3.1 Global Analysis: When a Mixed Protocol is Optimal
In this section, we characterize the globally optimal resource distribution among both sexes. Thereby, the aim is to determine the optimal strategy along fixed cost curves, C(υm, υf) = K, where K > 0 is the amount of allocated resources. This scenario is particularly relevant for low-resource countries with a current lack of HPV vaccine programs.

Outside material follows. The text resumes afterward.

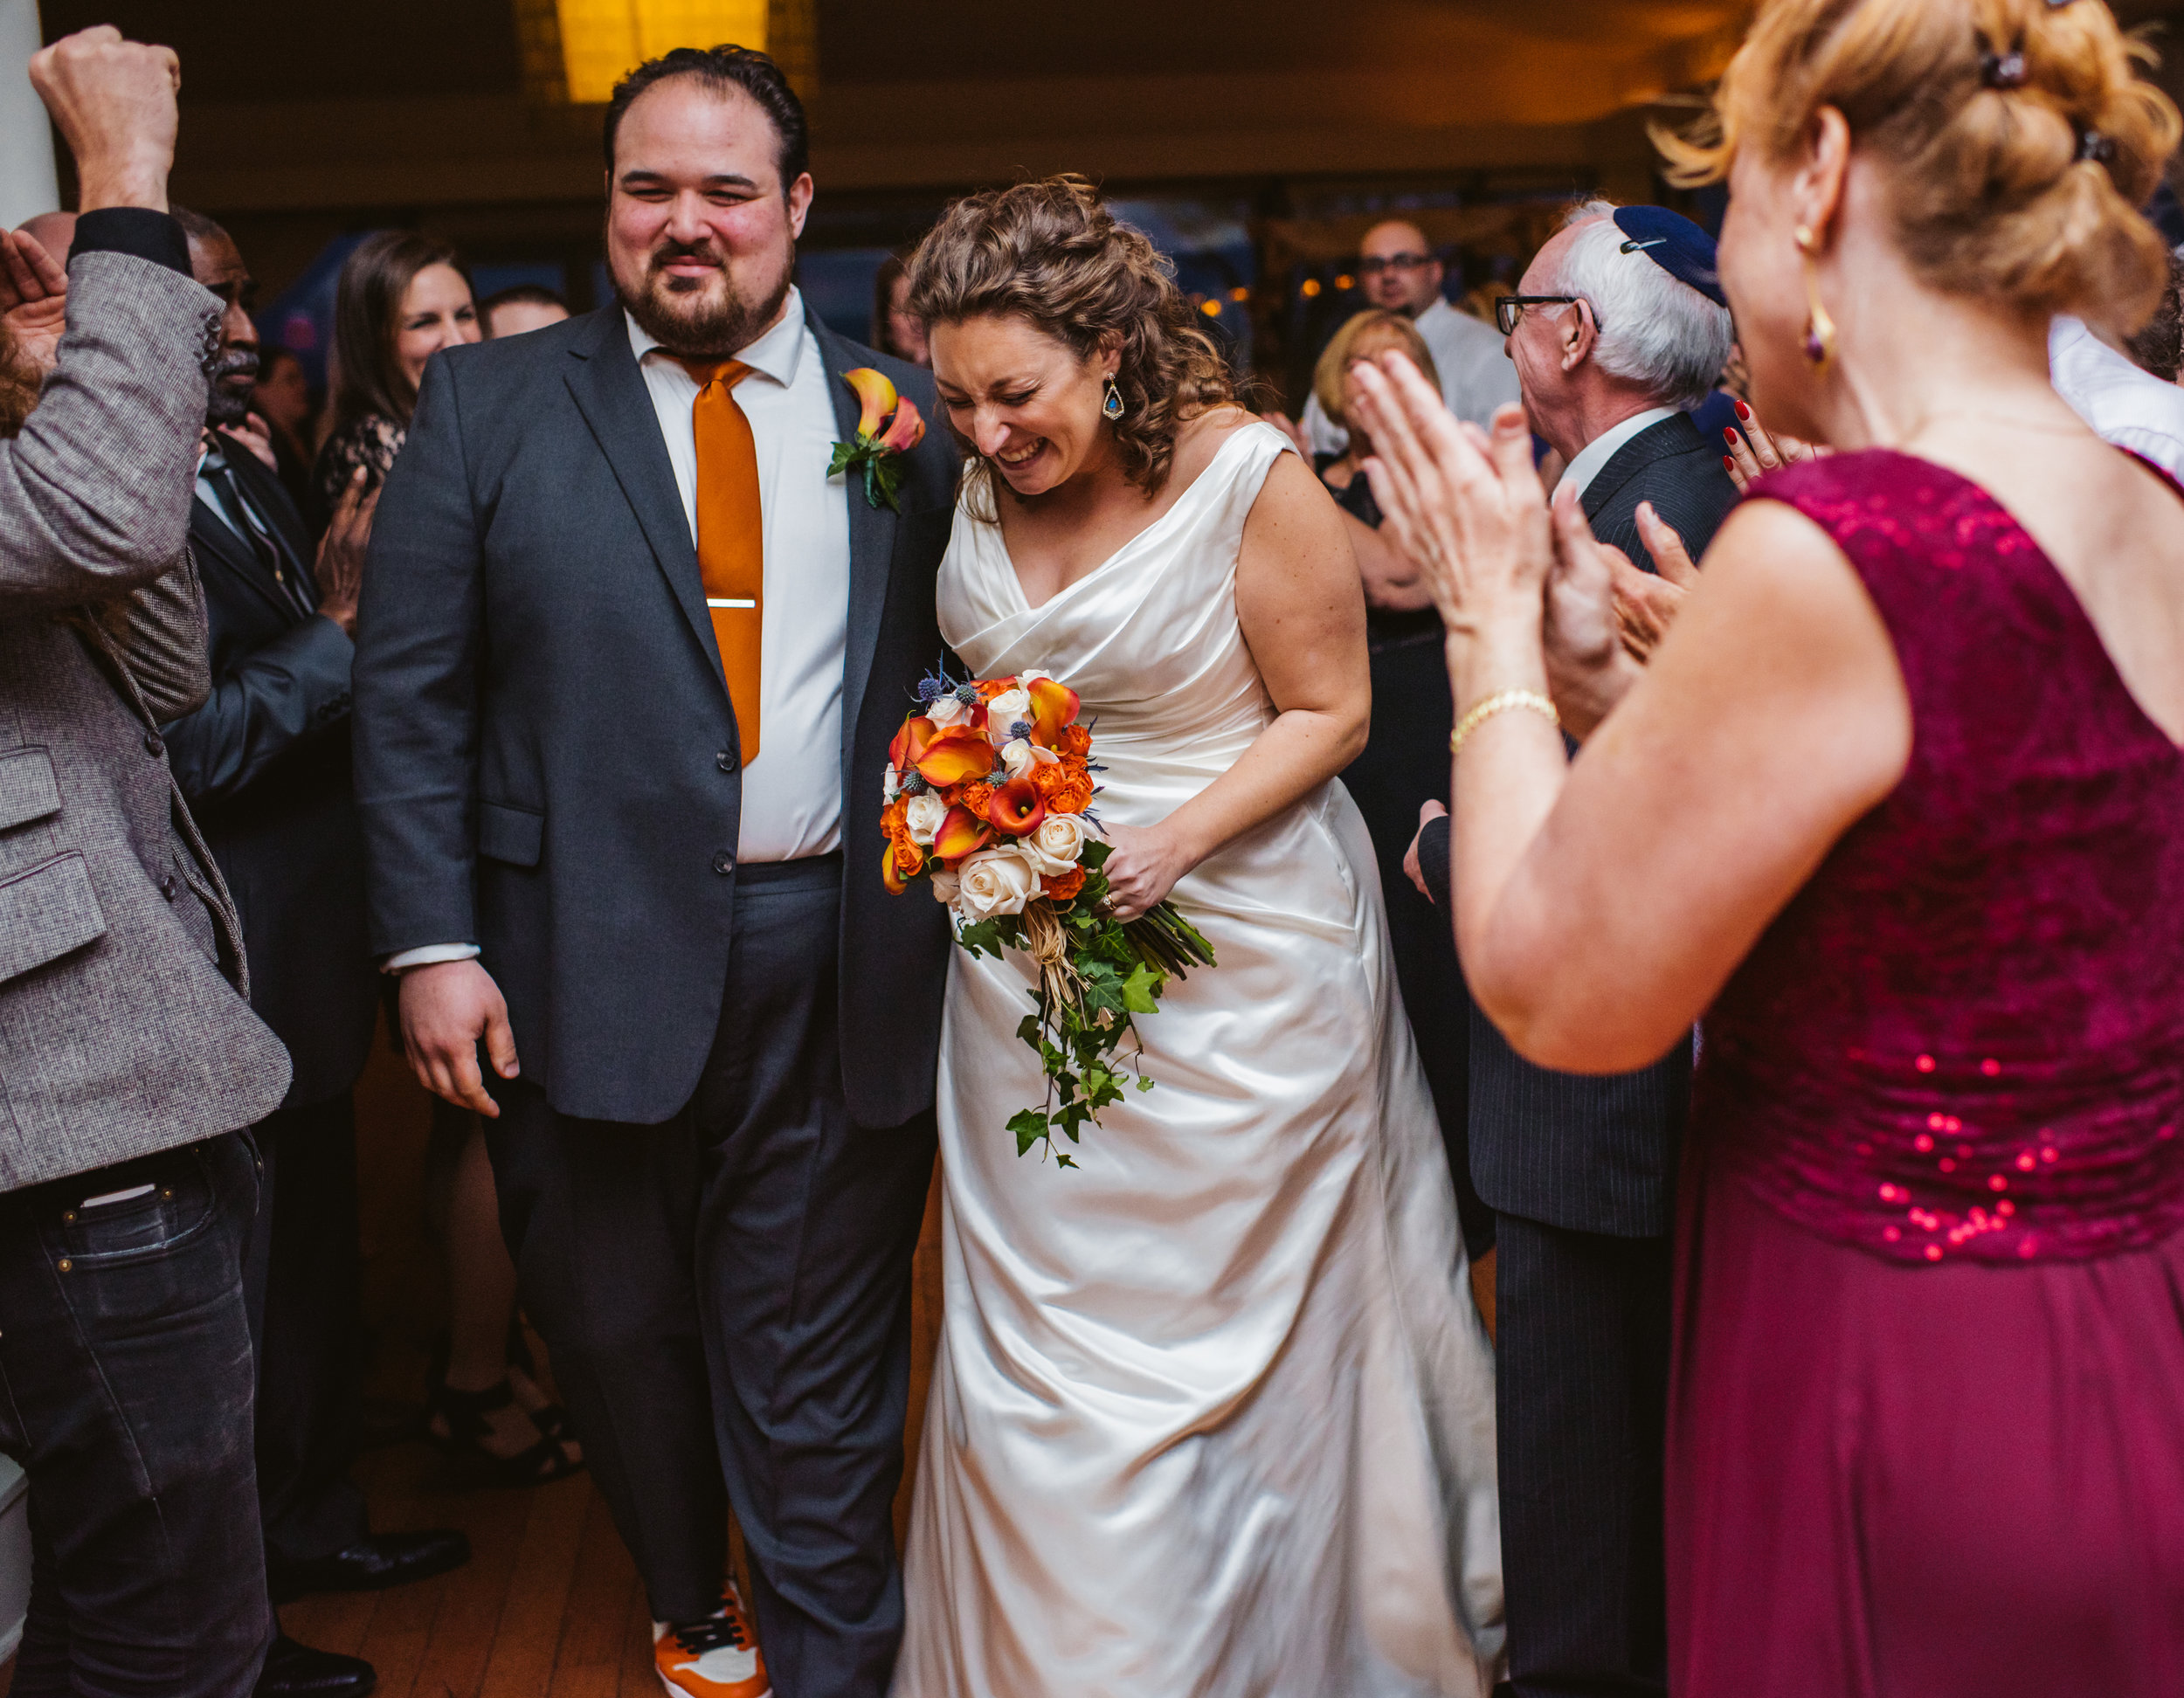 LIZA & JON - BATTERY PARK WEDDING - NYC INTIMATE WEDDING PHOTOGRAPHER - CHI-CHI AGBIM-668.jpg

Based on ABM simulations, we determine the vaccine benefit along three symmetric cost function level sets, see curves A, B, and C in Figure 2a, and present the results for λ = 0 in Figure 2b, and for λ = 1/2 in Figure 2c. We point out two interesting observations. First, incorporating coverage-dependent marginal costs drastically changes the shape of the benefit curve. For the linear cost curve A, the optimal strategy entails female-only vaccination (υm = 0), and the benefit decreases as resources are shifted towards males (υm > 0). In contrast, for increasing convexity in the cost curve (curves B and C), the benefit increases as υm becomes positive. In particular, the maximum benefit is achieved for a mixed vaccination strategy where both genders are vaccinated, and the height of the peak correlates with the convexity of the cost curve. Second, the impact of coverage-dependent costs is, qualitatively speaking, independent of the λ value: the optimal strategy is mixed, whether we focus on female prevalence (λ = 0) or population prevalence (λ = 1/2). The only qualitative difference between the two cases is found at the end points (υm = 0 and υm = 0.35) of the benefit curve: while female-only vaccination is more beneficial in the case λ = 0, the two pure strategies perform almost identically in the case λ = 1=2.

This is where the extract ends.